Я не мог глядеть ему в глаза.
И до сих пор ни о чем таком не смог заикнуться.
— У подъезда сейчас Фадея Анисимовича встретил, — говорит мне Алексей Васильевич. — Спросил, не в вашу ли я сторону, собирается зайти к вам вечером, потолковать.
Час от часу не легче — это-то еще зачем? О чем это он может со мной толковать? Для чего-то понадобился? Но хватит того, что два раза в жизни я ему уже
— Спасибо, Алексей Васильич, — говорю я. Что мне еще говорить?
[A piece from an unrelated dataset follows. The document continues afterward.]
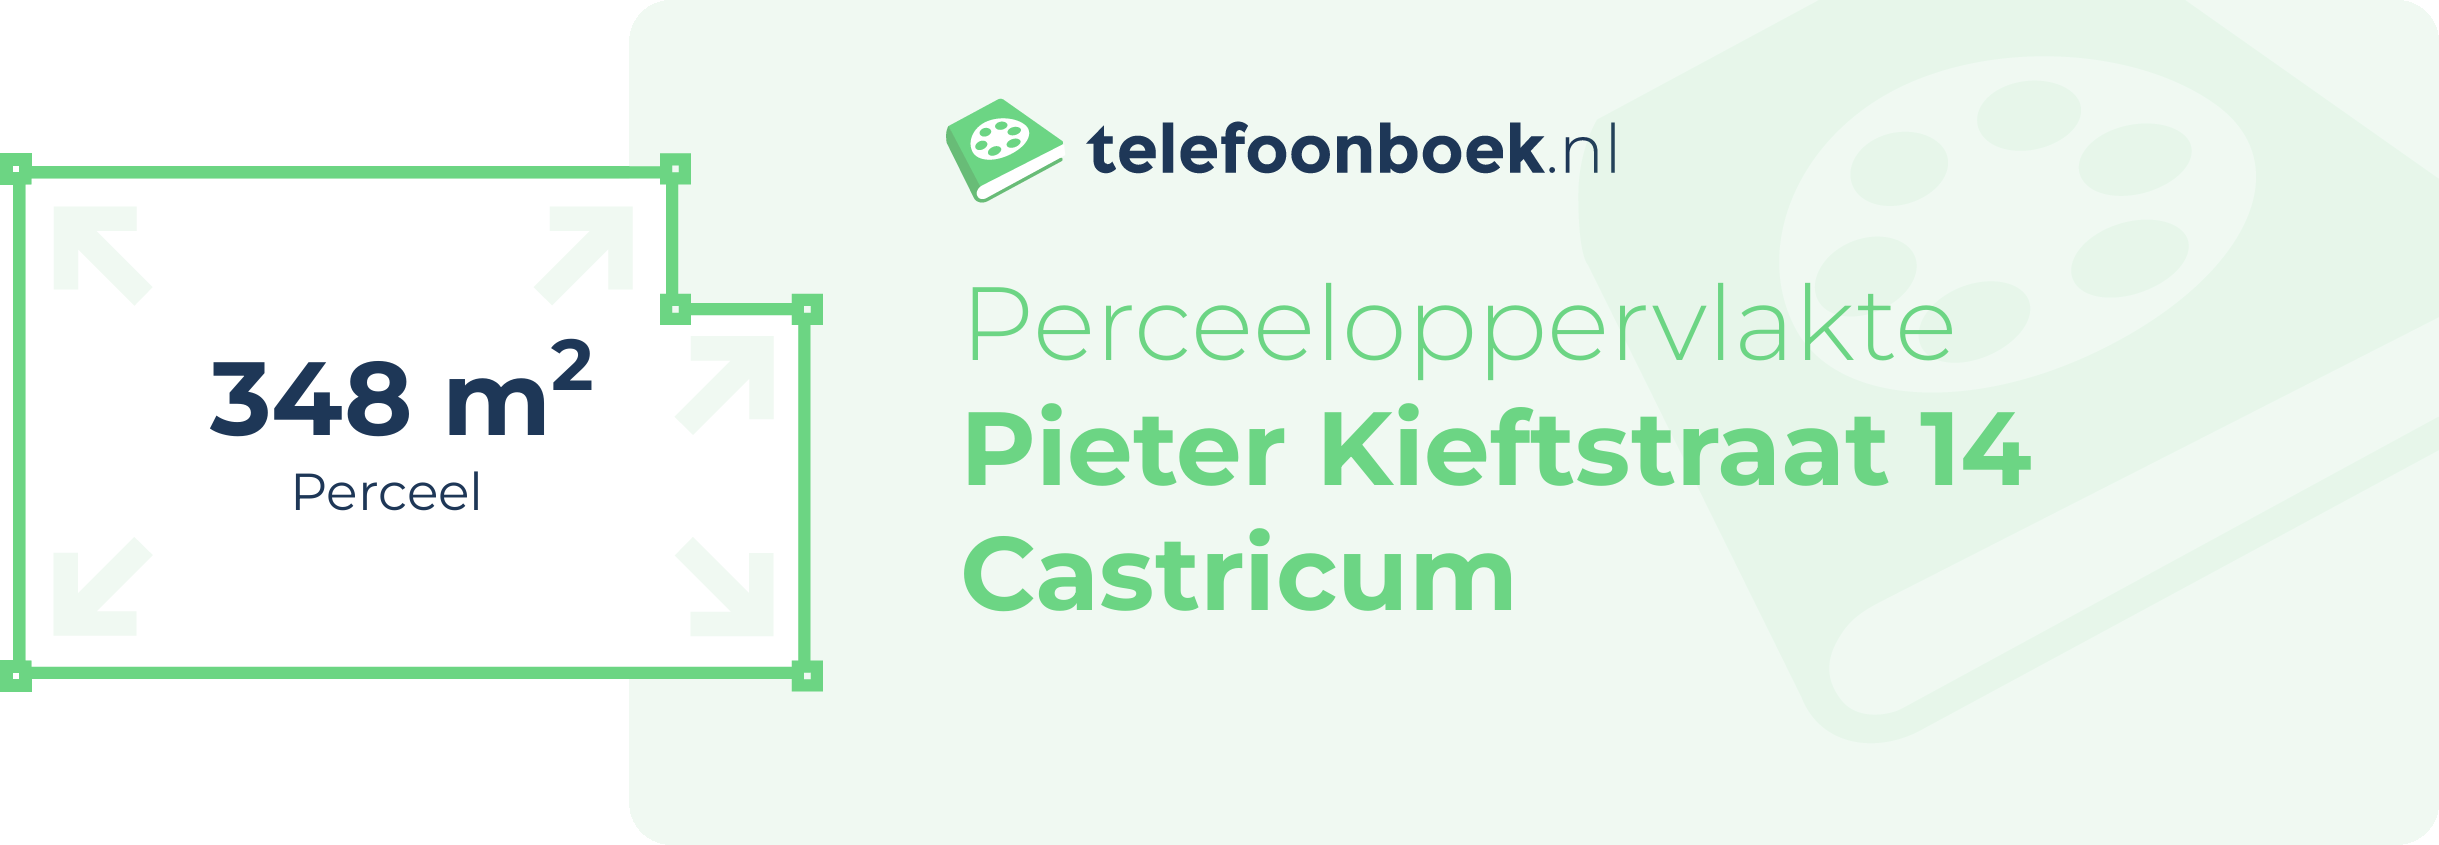 Perceeloppervlakte Pieter Kieftstraat 14 Castricum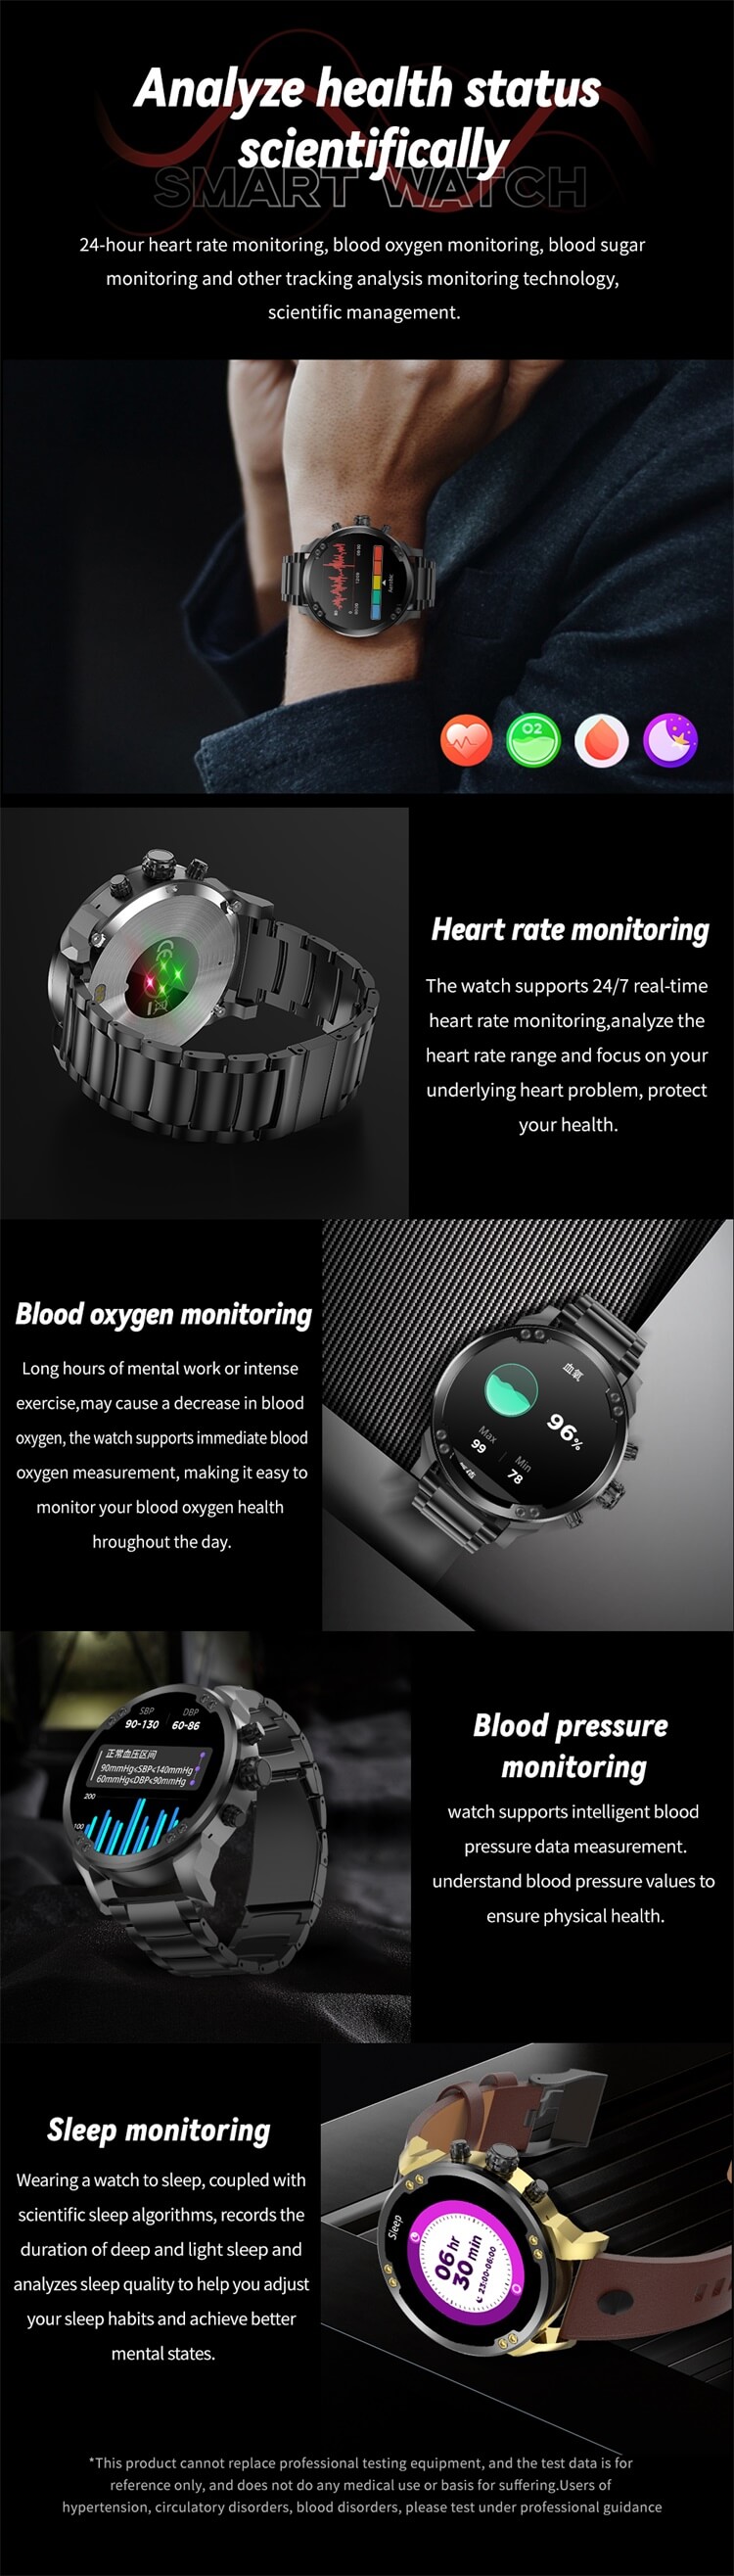 VS53 Smartwatch, modisches Erscheinungsbild, hochauflösender Bildschirm, starke Batteriekapazität – Shenzhen Shengye Technology Co., Ltd

От песочницы, без машины, без совка и без чужого паровоза с прицепными вагонами — с пустыми руками, вскачь, наклонив голову и прицокивая языком, изображая лошадь, мчится к нам Ромка. Колготки у него на коленях коричневы и мокры, руки в песке, нос и подбородок тоже в песке, и в волосах песку полным-полно.
— Де-еда, — с размаху хлопается он всем телом мне на колени, так что в голове у меня враз все перебалтывается. — Де-еда, — взглядывает он коротко на Алексея Васильевича и снова поднимает лицо ко мне, — что такое шлюха? Мальчики все говорят, а я не знаю, а они смеются. А, деда?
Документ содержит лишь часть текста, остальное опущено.